В то лето неважнецки обстояло у меня с финансами, но так как я созрел для любой жертвы, то пришлось разбиться в лепешку, а достать сполна необходимую сумму. Вот тебе, милочка, путевка в Дзинтари, езжай, отдохни. Почему я сам не еду? Нужно же сделать когда-нибудь ремонт у себя в комнате? До каких пор можно жить в такой берлоге? Стены закопченные, с обвисшими обоями, потолок просто черный: во время войны у меня стояла печка-времянка, сам ее и сложил. В ее отсутствие самый раз заняться ремонтом, а лампу с бронзовой отделкой нужно отвезти в родительский дом, иначе ее еще кокнут, чего доброго.

Уговорил. Мы закутали лампу в одеяло и перевезли ее на Скатертный. Вероятно, предчувствуя, что это конец, она так трогательно всплакнула на прощанье, что у меня заскребло на сердце. Не люблю мучить и ущемлять. Но я выстоял. Мужественно выстоял и с мягкостью, достойной истинного джентльмена, проводил ее на Рижский вокзал, где с тихим шорохом перевернулась страница нашей истории.

Три недели промелькнули в упоительной независимости — встречаешься с кем хочешь, возвращаешься домой хоть в пятом часу, а то и заночуешь где придется. Свобода! И тут я спохватился: а как дальше? Не за горами срок ее возвращения. И лампу привезти обратно со Скатертного — пара пустяков. Где найдется то кремневое сердце, которое устоит против ее нежных плеч и стыдливой улыбки?

На конец августа у себя в объединении я получил путевку в Евпаторию лечить невралгию, мучившую меня после фронтовой контузии, — во время гастрольной поездки шарахнуло меня взрывной волной.

На конец августа! А был всего лишь июль на исходе. Со дня на день она нагрянет из Дзинтари. Нет, необходимо закрепить нашу разлуку, иначе все мои усилия пойдут насмарку. Естественное решение — до ее приезда исчезнуть из Москвы. Разлука затянется, это сгладит, самортизирует ее обиду. Понимаете, я не переставал думать о том, чтобы доставить ей как можно меньше неприятностей. Нет, нет, не смейтесь, меня никогда не оставляло благородство.

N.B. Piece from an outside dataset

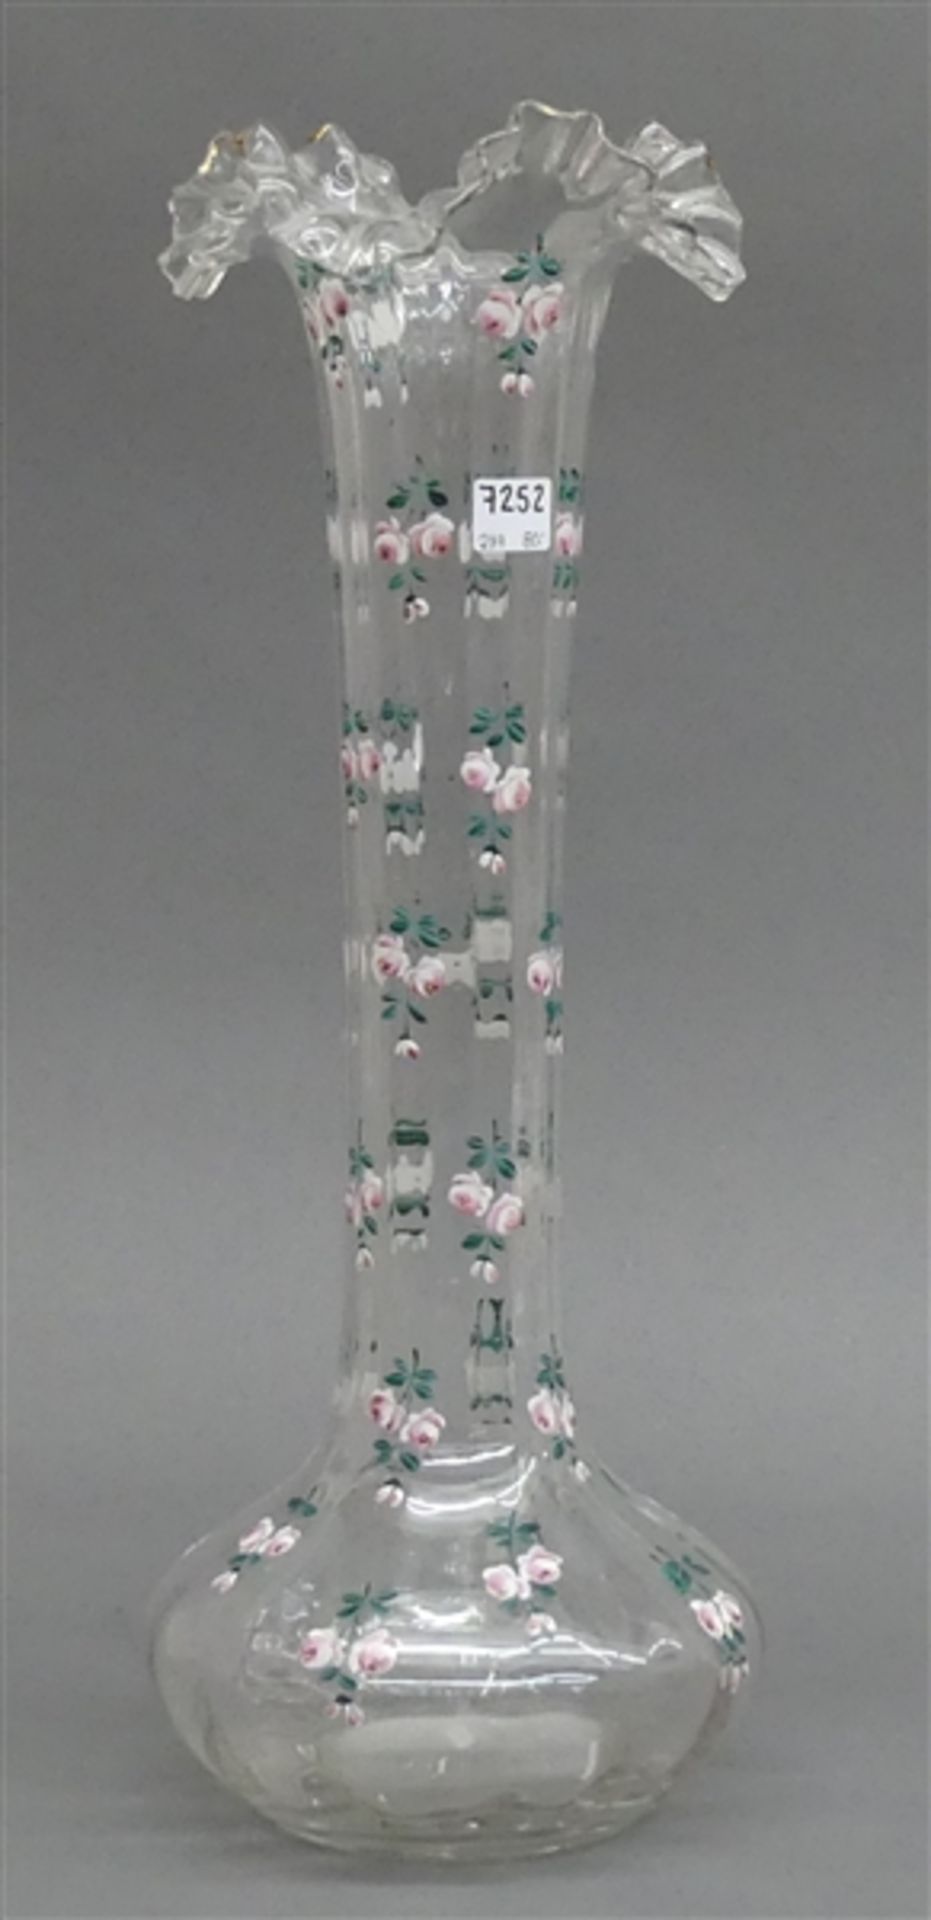 Ziervase, 19. Jh.farbloses Glas, Emailmalerei, "Rosen", Wellrand, beschliffener Abriss, h 44 cm,
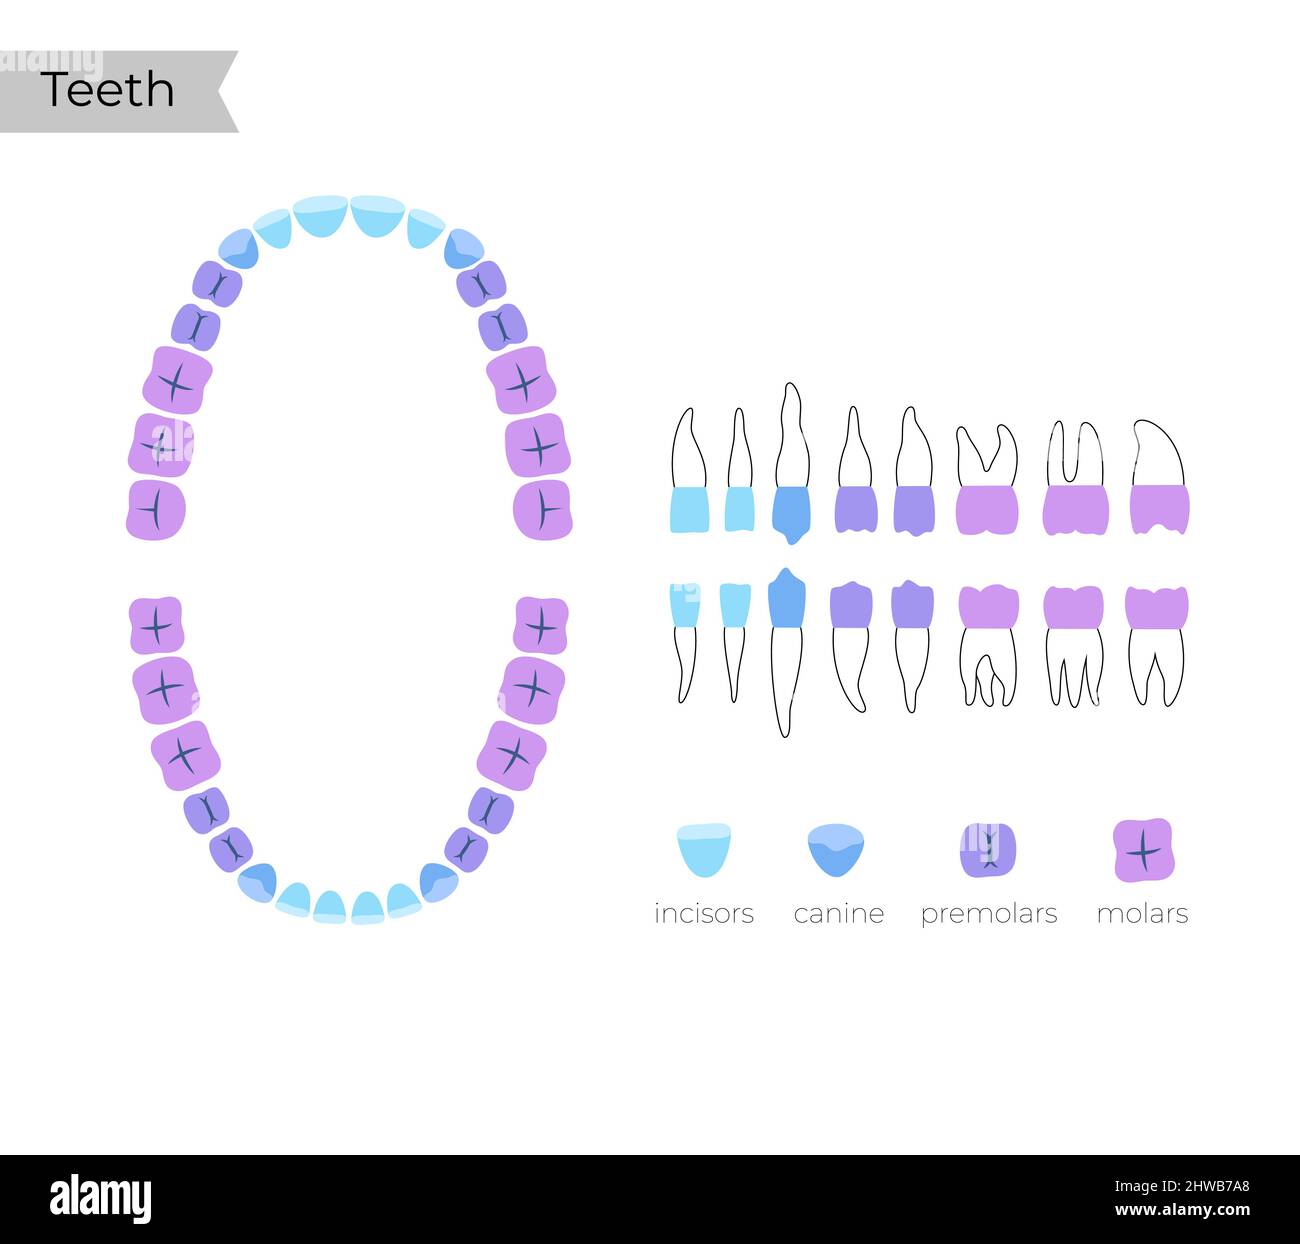 Human teeth types, illustration Stock Photo

Для Игоря Дольникова в те годы, конечно, не составляло никакого труда найти подходящий ангажемент. Отношения с начальством у меня были на уровне праздничных тулумбасов, и стоило мне только заикнуться о сердечных затруднениях, как в гастрольно-эстрадном объединении передо мной расстелили ковер-самолет, или, говоря по-простому, скатерть-самобранку: выбирай поездку куда хочешь. Я решил ехать не в Свердловск, не в Мурманск, не в Вологду, а подаваться поближе к Крыму и выбрал Таганрог. Впервые после войны, на мое счастье, там в городском саду открывалась летняя эстрада.

Всего год с лишним, как кончилась война. Железные дороги, перешитые на одну колею из-за нехватки рельсов, с нагрузкой справлялись скверно, поэтому не стоило забираться в места, далекие от Евпатории. И моря я не видел пять лет. И, кроме того, Таганрог очень приятный город. Родина Чехова. В нем останавливался Пушкин, когда ехал на Кавказ. Жил Чайковский. При таинственных обстоятельствах умер Александр I. Вам мало? Ну, так именно в Таганроге Джузеппе Гарибальди почувствовал, что такое родина, а Петр Первый долго не мог решить, где сооружать столицу — там или в Петербурге. Я ведь не только художественное чтение, я и конферансье, так что сведениями, какие могли понадобиться, запасся полностью.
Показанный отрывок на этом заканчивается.